An Episcopal Church priest and a businessman were recently charged with allegedly defrauding a Kansas-based foster care organization of approximately $10 million.

A federal grand jury in Topeka indicted the Rev. Robert Smith of Salina and William Byrd Whymark of Mount Kisco, New York, for allegedly defrauding the Salina-based Saint Francis Ministries, according to a statement from the U.S. Attorney’s Office of the District of Kansas.

Smith faces one count of conspiracy to commit wire fraud, one count of money laundering, and 15 counts of wire fraud. Whymark was charged with one count of conspiracy to commit wire fraud, three counts of money laundering, and ten counts of wire fraud.

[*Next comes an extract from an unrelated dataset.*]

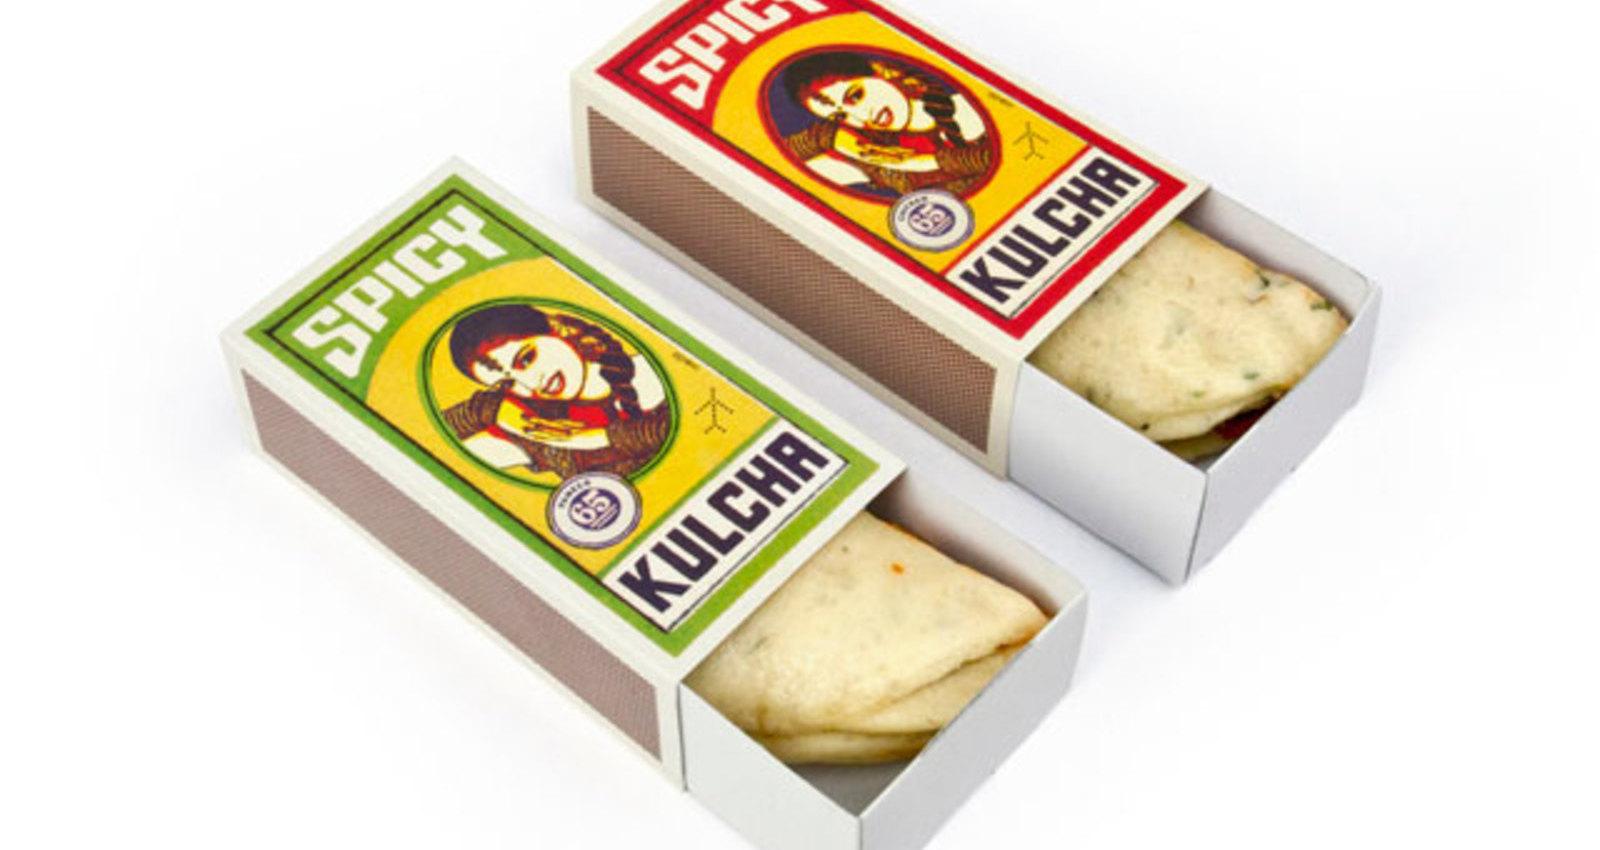 Onboard Food Packaging

The Federal Bureau of Investigation is investigating, while assistant U.S. attorneys Christine Kenney and Skipper Jacobs prosecute the case.

According to authorities, Smith used his position as chief executive officer of SFM to enter into an agreement on behalf of the ministry with a company owned by Whymark in 2018. From there, Smith allegedly authorized payments of overinflated, fraudulent invoices from Whymark.

Authorities accuse Smith of using SFM credit cards for expenditures that were of a personal and unauthorized nature.

Ordained in 2011, Smith served as CEO of SFM from 2014 until 2020, when the nonprofit’s board reportedly compelled him to resign amid concerns about financial mismanagement.

Bishop Paula Clark, head of the Episcopal Diocese of Chicago, where Smith was a canonical resident, announced that Smith was suspended “from any priestly and ministerial duties.” She ordered Smith to have “no direct access to credit cards, bank accounts, or any other funds held by the church.”

“I will meet with the Rev. Smith regularly as these legal proceedings unfold to ensure his compliance with the terms of this suspension,” stated Clark, as reported by Episcopal News Service.

“The Episcopal Diocese of Chicago takes allegations of clergy misconduct very seriously and cooperates fully with legal authorities.”

Smith was suspended in 2020 following his departure from SFM. However, the suspension was lifted when an investigation into his activities could not find evidence of wrongdoing, reported ENS.

In response to the indictment, SFM stated to the Omaha, Nebraska-based WOWT News that its leaders “appreciate the diligence exhibited in the pursuit of justice by all parties.”

“As the case moves forward, Saint Francis will continue to work transparently and collaboratively with federal authorities as part of the investigative process,” stated SFM.

State Rep. Susan Concannon, a Republican who chairs the Joint Committee on Child Welfare System Oversight, said during a meeting on Wednesday that SFM doesn’t “deserve to continue a partnership with the state of Kansas in any capacity.”

“I am horrified at the level of devious behavior by Saint Francis,” Concannon said, according to The Associated Press. “The more we find out, the more we realize we don’t know!”

SFM filed a lawsuit against Smith, Waymark, and its former chief counsel, seeking to recover the stolen funds.